▶ EXERCISE AIM: Output each line of the listing exactly, though pictures are not to appear.

▶ DATA EXTRACT:
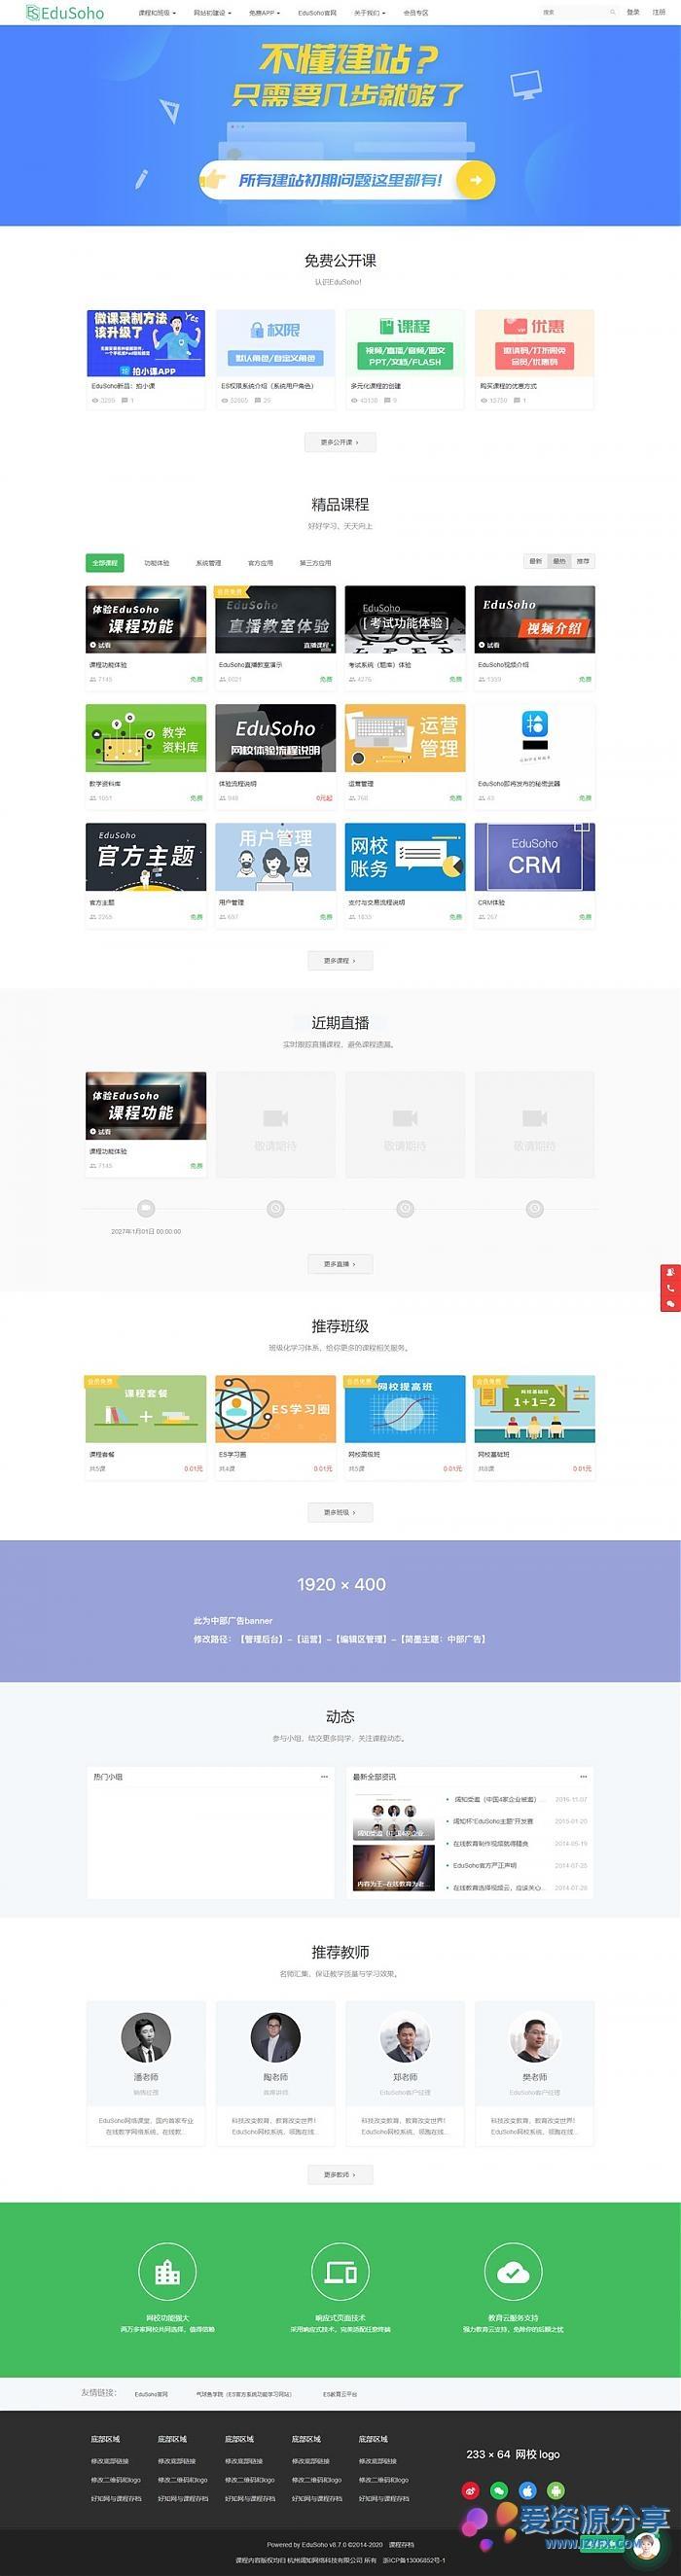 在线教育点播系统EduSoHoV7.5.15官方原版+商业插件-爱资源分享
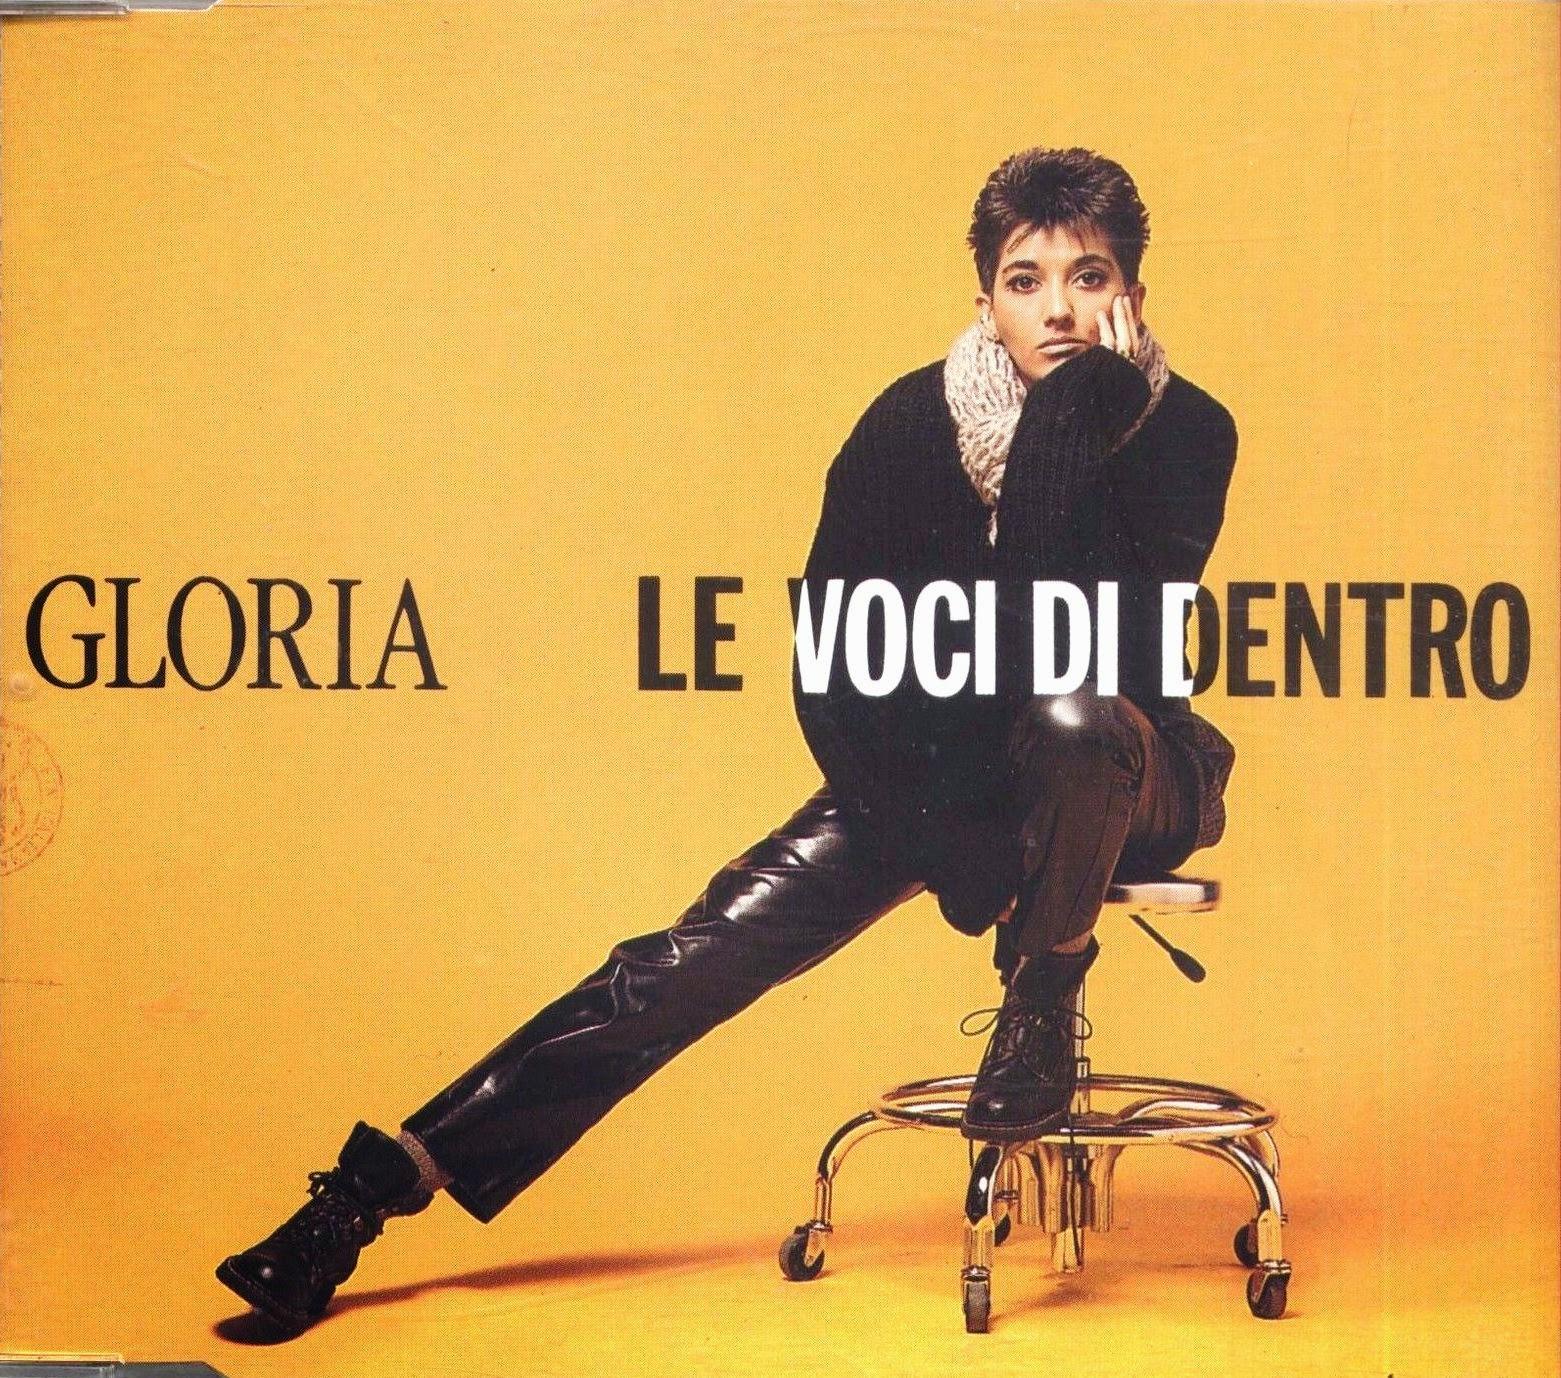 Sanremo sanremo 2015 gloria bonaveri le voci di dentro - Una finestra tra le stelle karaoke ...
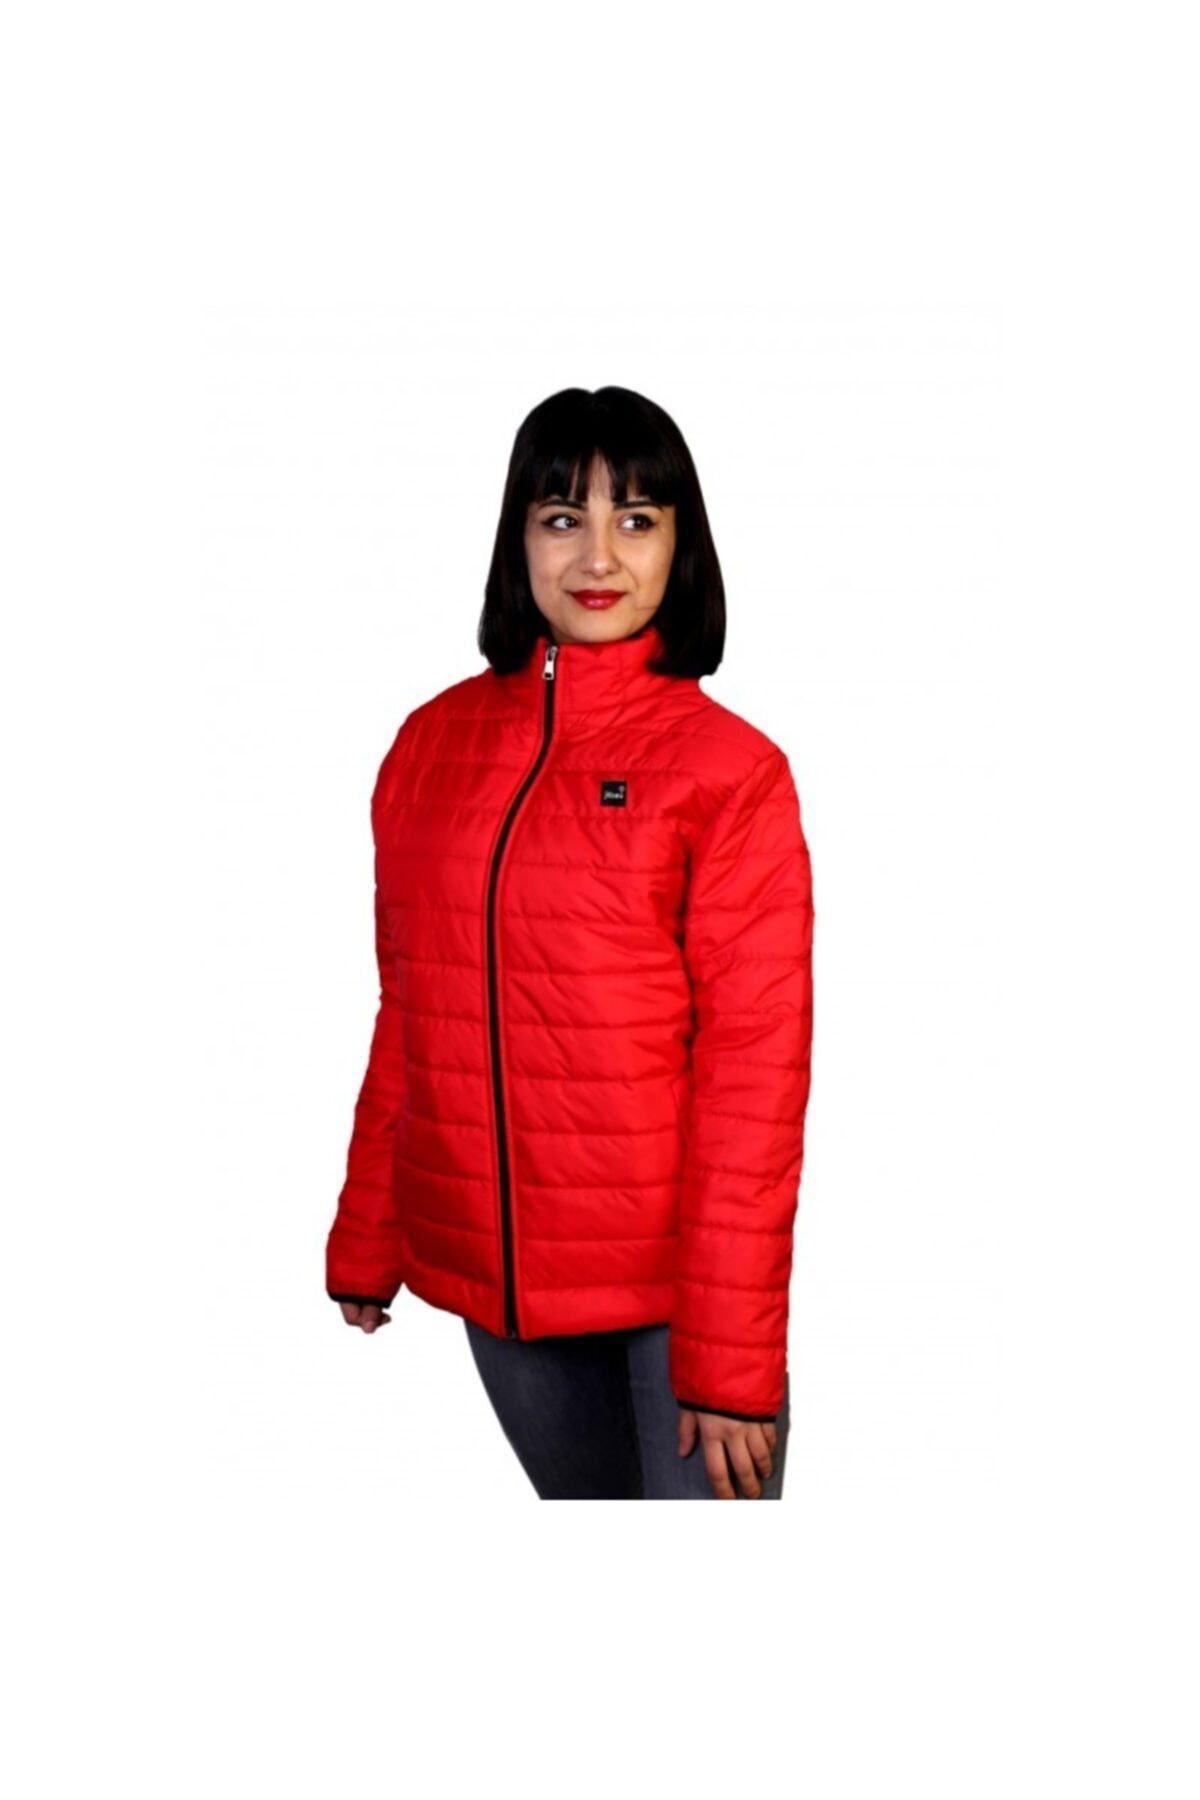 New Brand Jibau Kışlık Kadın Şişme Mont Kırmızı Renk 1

▶ REPLY:
 在线教育点播系统EduSoHoV7.5.15官方原版+商业插件-爱资源分享
 Sanremo sanremo 2015 gloria bonaveri le voci di dentro - Una finestra tra le stelle karaoke ...
 New Brand Jibau Kışlık Kadın Şişme Mont Kırmızı Renk 1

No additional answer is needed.